For prescribers from non-nephrology specialties: If you are prescribing KA for a patient with cardiorenal syndrome, diabetic nephropathy, or any elevated creatinine not formally staged by a nephrologist, please consider the following before continuing:
- Has a 24-hour urine protein or urine ACR been measured? Has CKD stage been formally confirmed?
- Has dietary protein intake been assessed? Is the patient on a protein-restricted diet?
- Has baseline serum calcium been checked? Is the patient on active vitamin D, calcium supplements, or calcium-containing phosphate binders?
- Is there a nephrology referral in place? KA initiation without a coordinated dietary plan and monitoring schedule represents incomplete prescribing.
Co-prescribing KA without dietary restriction does not delay dialysis — but it does add daily calcium load and cost to a patient who derives no benefit.
Ketoanalogues are not a "start and forget" prescription. Regular monitoring is essential to confirm the intervention is working, catch complications early, and reassess the indication as kidney function changes.
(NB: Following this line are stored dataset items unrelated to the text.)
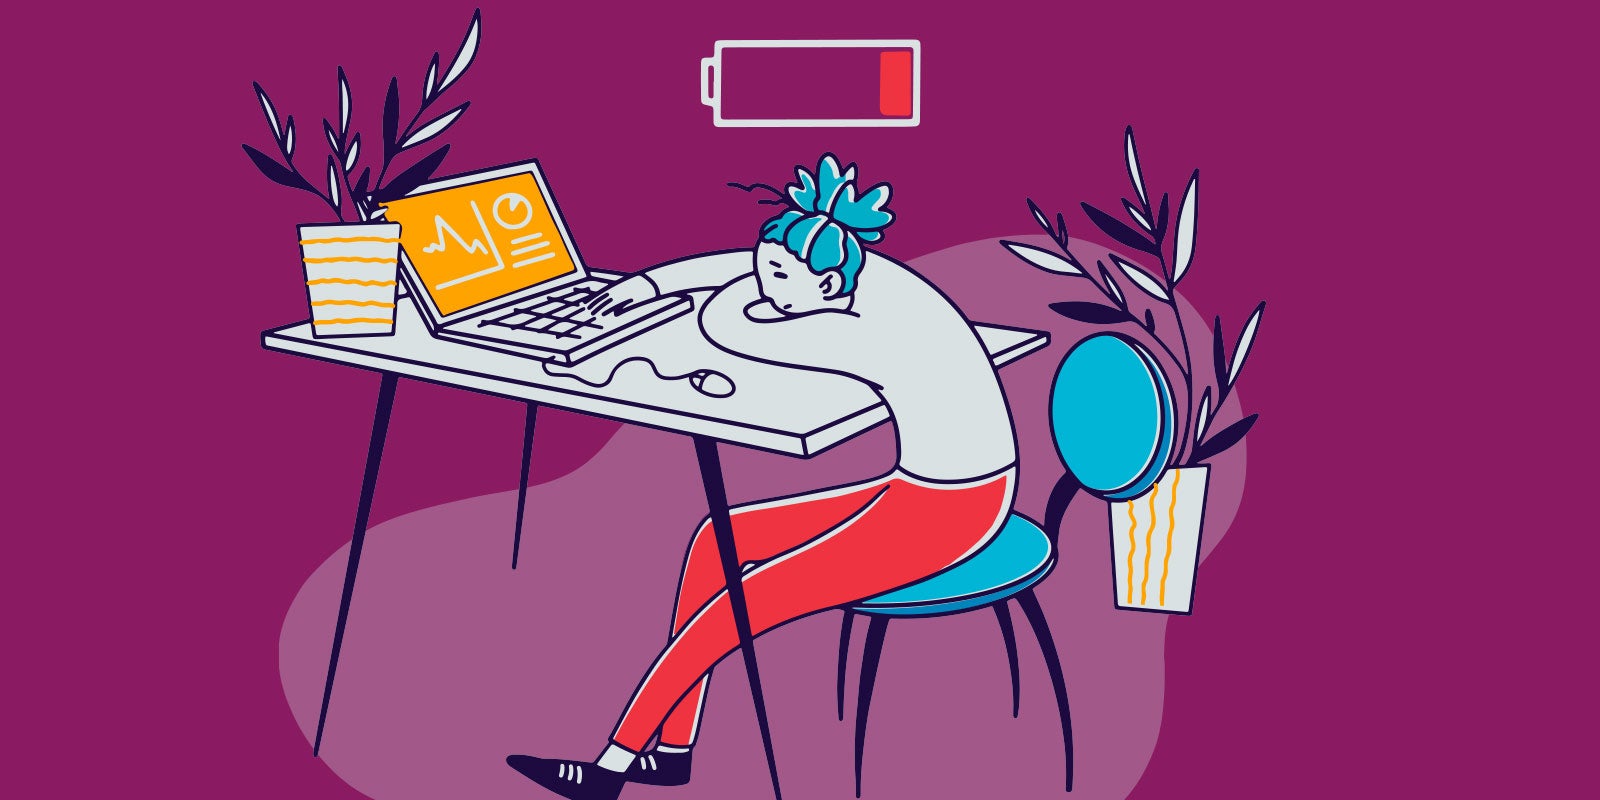 animated image of a woman working on her laptop, looking deflated, showing this blog is about signs of low employee engagement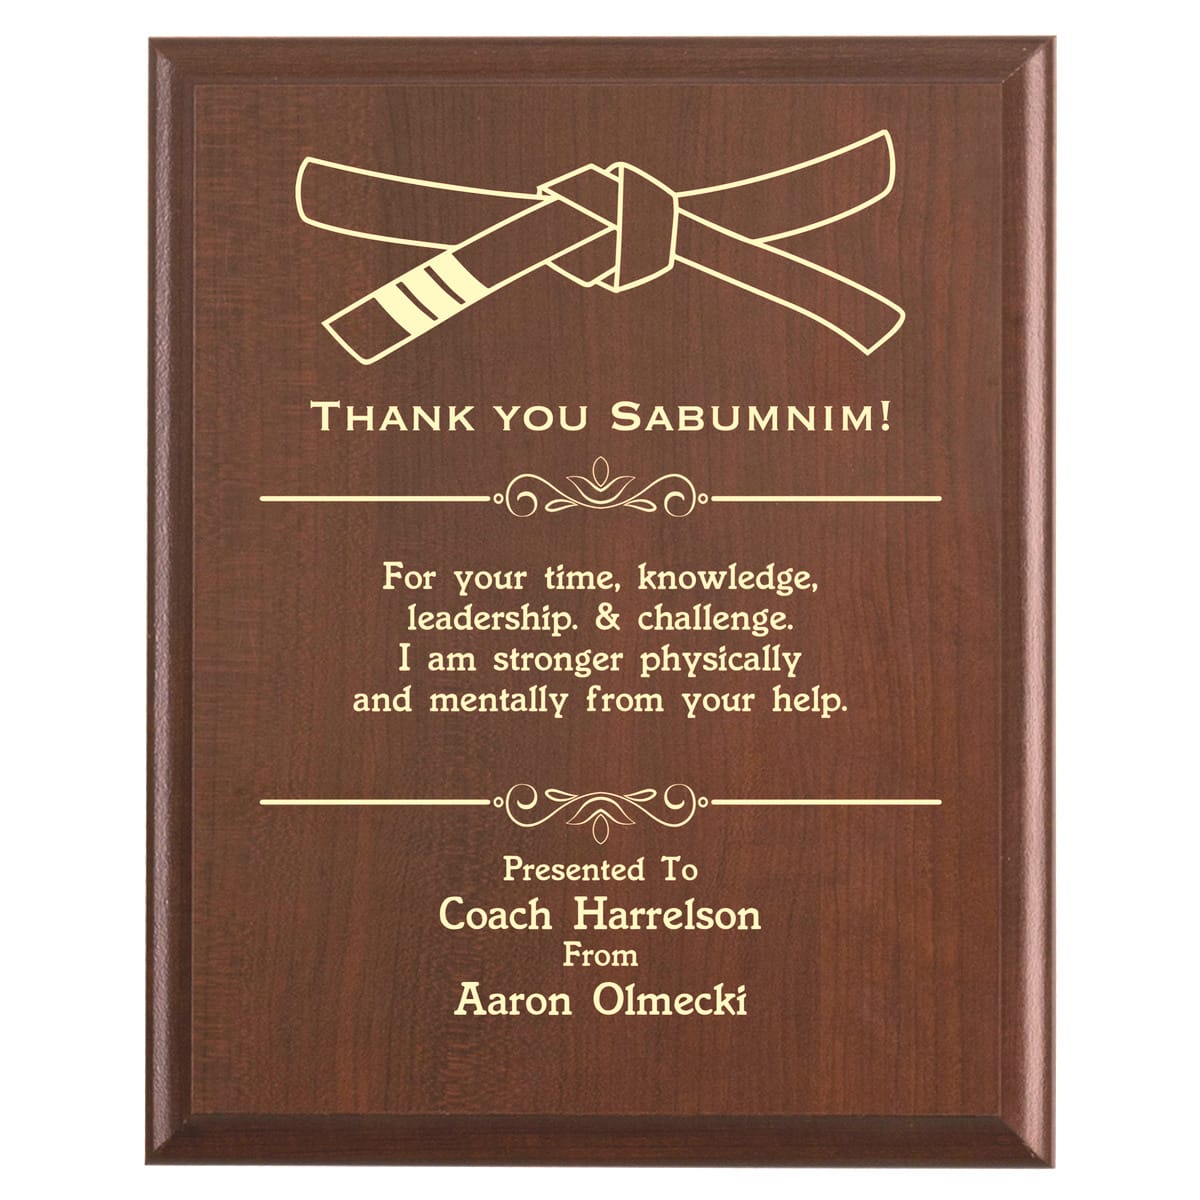 Plaque photo: Designed for a Great Sabumnim with free personalization. Wood style finish with customized text.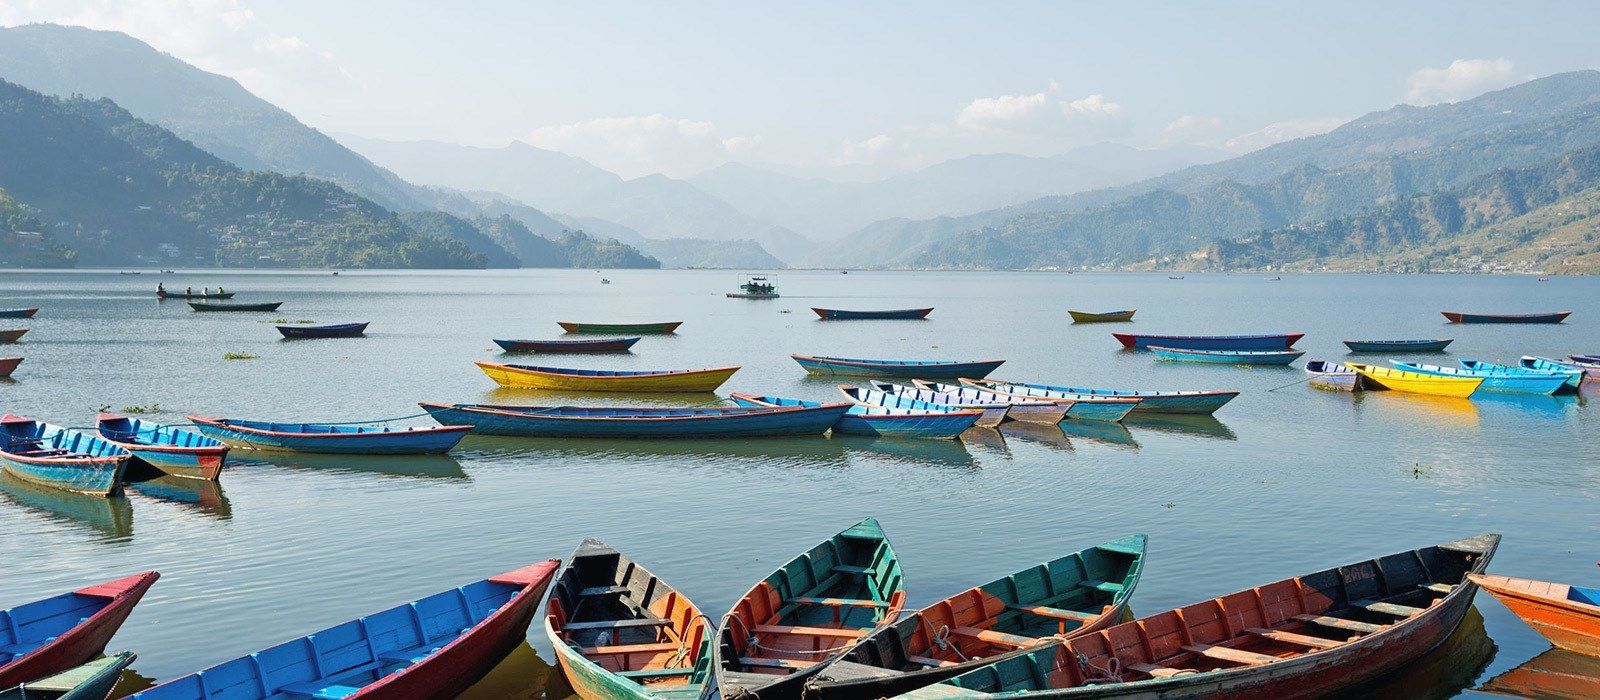 Exclusive Travel Tips For Your Destination Pokhara In Nepal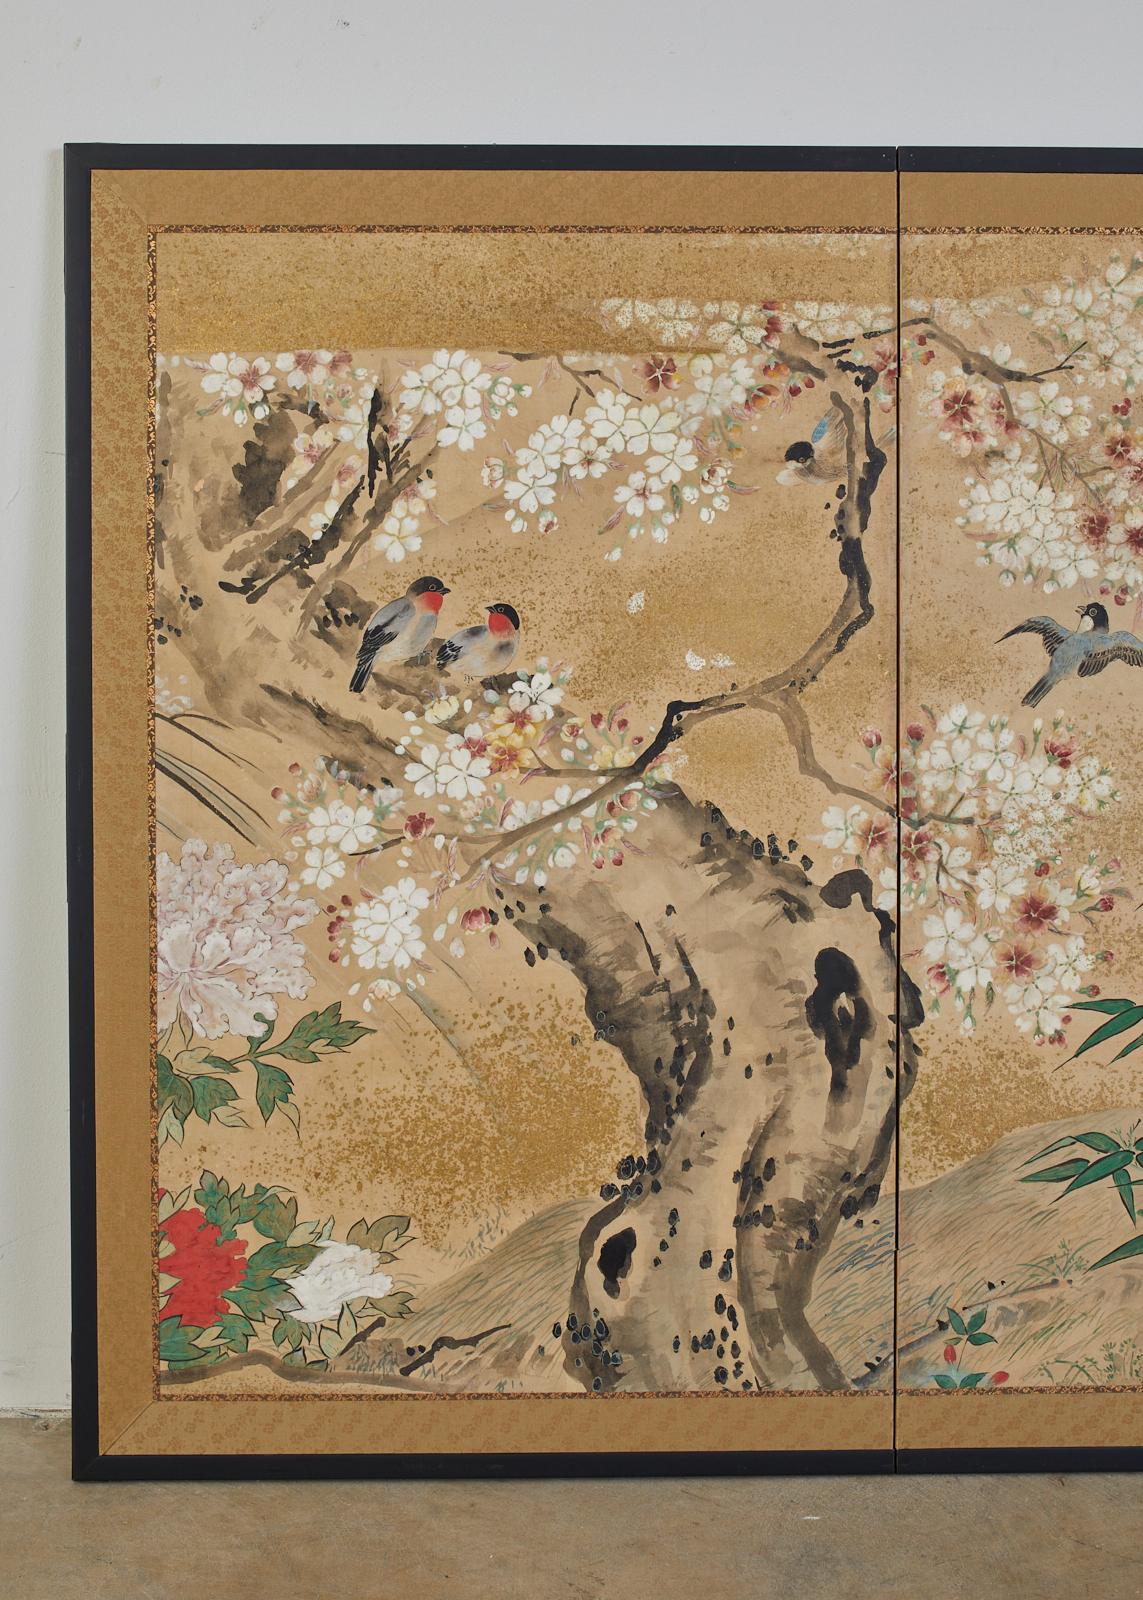 Exceptional Japanese Meiji period two-panel screen, circa 1900. Featuring songbirds amid sakura cherry trees and flowering peony. Made in the Nihonga School style on handcrafted mulberry paper. Ink and natural pigments with gold flecks decorate the

| Parameter | Frequency | Target (CKD Pre-dialysis) | Action if Abnormal | Priority |
|---|---|---|---|---|
| Serum Calcium | Monthly × 3, then every 3 months | 8.4–10.2 mg/dL | Reduce KA dose; withhold active vitamin D; increase hydration | URGENT |
| BUN / Urea | Monthly | Declining trend | Rising BUN = diet non-adherence; review protein intake with dietitian | MONITOR |
| eGFR (CKD-EPI 2021) | Every 3 months | Stable or declining <3 mL/min/yr | Rapid decline = reassess dietary adherence, BP control, proteinuria | MONITOR |
| Serum Albumin | Every 3 months | ≥4.0 g/dL | <3.5 g/dL = malnutrition signal; increase caloric intake; dietitian referral | MONITOR |
| Serum Phosphorus | Every 3 months | 3.5–5.5 mg/dL | Elevated phos despite KA = hidden dietary phosphorus sources; review diet | MONITOR |
| Body weight & muscle mass | Every visit | Stable weight; no sarcopenia | Weight loss >5% = caloric deficit; increase non-protein calorie sources | ROUTINE |
| nPCR (if available) | Every 6 months | 0.3–0.6 g/kg/day on VLPD | nPCR >0.6 = protein intake exceeds prescription; dietary counseling | ROUTINE |
| Reassess KA indication | Every 6–12 months | — | If eGFR <10 or dialysis imminent: transition plan; if on dialysis: discontinue unless malnourished | ROUTINE |
When to stop ketoanalogues: (1) When dialysis is initiated and nutritional status is adequate; (2) Persistent hypercalcemia despite dose reduction; (3) Patient cannot maintain adequate caloric intake alongside protein restriction; (4) eGFR has recovered above 30 mL/min/1.73m² (rare but possible in treated glomerulonephritis); (5) Patient non-adherence to dietary protein restriction — KA without the diet is expensive and potentially harmful.